Possible Causes of Autism
To date, there is no accepted single cause of Autism, though there are numerous theories.
It is becoming apparent that:
- Autism is most probably caused by multiple factors interacting in complex ways (i.e. genes, environment and brain development).
- Autism is not etiologically homogeneous. That is, there are probably numerous sub-types of Autism each with differing etiologies. For example, there is evidence of a sub-group of children diagnosed with ASD (20-30%) who show skill regression between 18 – 24 months after apparently typical initial development (Lainhart et al, 2002) while other children diagnosed with ASD show consistently delayed development from the beginning.
Genetics have been shown to play a role but do not explain the full picture or the recent increase in diagnoses. Studies have shown that if one identical twin has the diagnosis, then there is a 60% chance that the other twin will develop Autism. This concordance is hardly ever seen with non-identical twins (Muhle et al, 2004). When a wider definition of the Autism spectrum is used, the probability rates jump to 92% for identical twins and 10% for non-identical twins (Muhle et al, 2004). The probability of receiving an ASD diagnosis when another sibling has already been diagnosed is estimated between 2 and 14%, a 10 to 20-fold increase over the general population incidence (Hertz-Picciotto et al, 2006). Extensive genetic studies have revealed hundreds of genes linked to autism. (Rylaarsdam and Guemez-Gamboa, 2019). ASD is now understood to be a disease of complex interaction between genetics and the environment, with heritability estimates ranging from 40 to 80% (Chaste and Leboyer, 2012).
Environmental Risk Factors For Autism
A 2017 article in The National Center for Biotechnology Information reported that the incidence of ASD diagnosis in the United States increased from 4-5 per 10,000 children in the 1980s to 30-60 per 10,000 in the 1990s, a ten-fold increase in as many years. According to the CDC’s Autism and Developmental Disabilities Monitoring (ADDM) Network, the prevalence of Autism in the United States increased from 1 in 150 children in 2000 to 1 in 54 children (1 in 37 boys, 1 in 151 girls) today.

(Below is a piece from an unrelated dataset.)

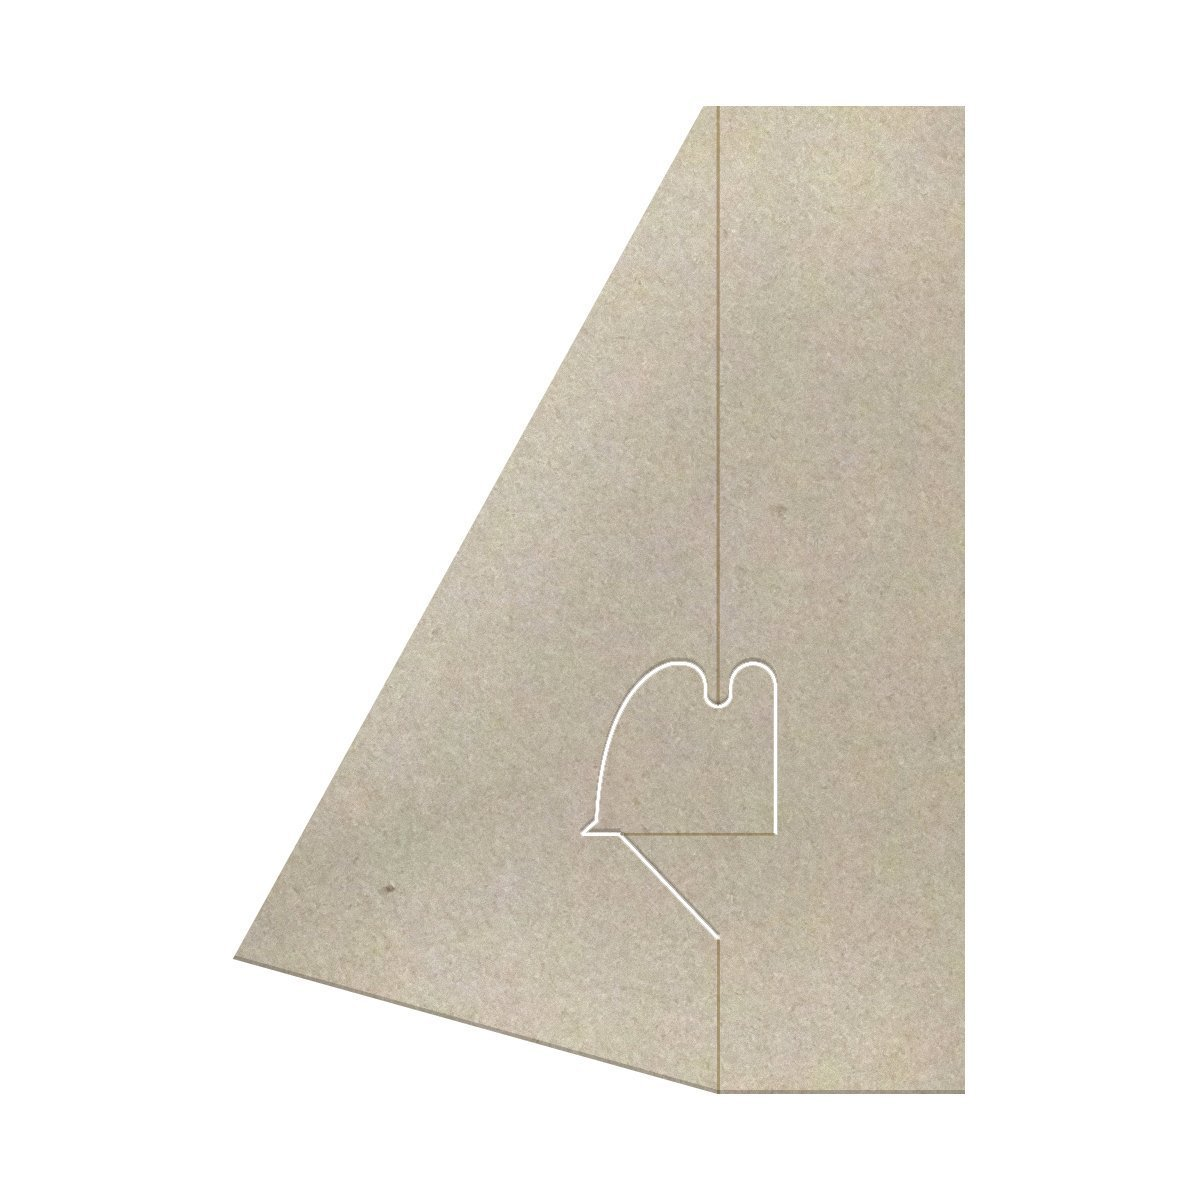 Chipboard - CO - Shobi's Card Stand (Medium) twin pack

Although a portion of this increase is undoubtedly due to greater clinician awareness of the disorder and wider inclusion criteria, this cannot explain such a rapid and dramatic increase. More and more researchers are turning to environmental causes that contribute to autism as a central hypothesis.
Progress has been made toward understanding different environmental risk factors, and the clearest evidence involves events before and during birth, such as: advanced parental age at time of conception, prenatal exposure to air pollution, metals or certain pesticides, maternal nutrition, obesity, diabetes, or immune system disorders, extreme prematurity or very low birth weight, and any birth difficulty leading to periods of oxygen deprivation to the baby’s brain. However, these factors alone are unlikely to cause autism. Rather, they appear to increase a child’s risk for developing autism when combined with genetic factors. (National Institute of Environmental Health Sciences, 2021). There is also growing interest in the role of the immune system in Autism etiology, with the suggestion that certain chemicals (widely present in our environment) may be responsible for observed inflammation in the brains of some of those on the Autism spectrum.
It is widely accepted that atypical brain development underlies the development of the observable symptoms of Autism (see Autism Symptoms & Characteristics). How genes and the environment interact to cause the brain to begin developing differently is still being debated. What is clear is that these differences in brain development can be traced to either before birth or very soon after birth even though the behavioral and social signs of Autism tend not be observable until after 18 months of life. The exact nature of the brain differences is not clear either.
Studies have shown differential development in many brain areas including the frontal and temporal lobes, the cerebellum, and the sub-cortical amygdala and hippocampus (ex. Barnea-Goraly et al, 2014, Nordahl et al, 2020, Stoodley, 2014). Other studies point to the patterns of connectivity between and within brain areas as the issue (e.g. Courchesne and Pierce, 2005) rather than specific loci, while other researchers focus on specific types of neurons (e.g. mirror neurons) or patterns of neuronal activation (e.g. Bernier et al, 2007).
A 2014 study by neuroscientists at Columbia University Medical Center suggests that children affected by autism have a surplus of synapses, or connections between brain cells. Some children who are later diagnosed with autism also have excess cerebrospinal fluid — the liquid that surrounds the brain — compared with their non-autistic peers (Shen et al, 2018). A solid body of evidence suggests that white matter, the bundles of long neuron fibers that connect brain regions, is also altered in people with autism (Frazier et al, 2012, Thompson et al, 2020). However, scarcity of evidence, methodological challenges and conflicting findings have not yet allowed precise conclusions to be drawn about either the specific brain regions affected or the mechanism of development that lead to observed brain differences.
Due to the lack of consensus about what causes Autism, there is not yet any widely accepted medical treatment for Autism (although growing evidence for some bio-medical approaches, see Autism Treatment Options). However, there are other ways to help children and adults with Autism that are effective and have seen great successes – see Autism Treatment Options.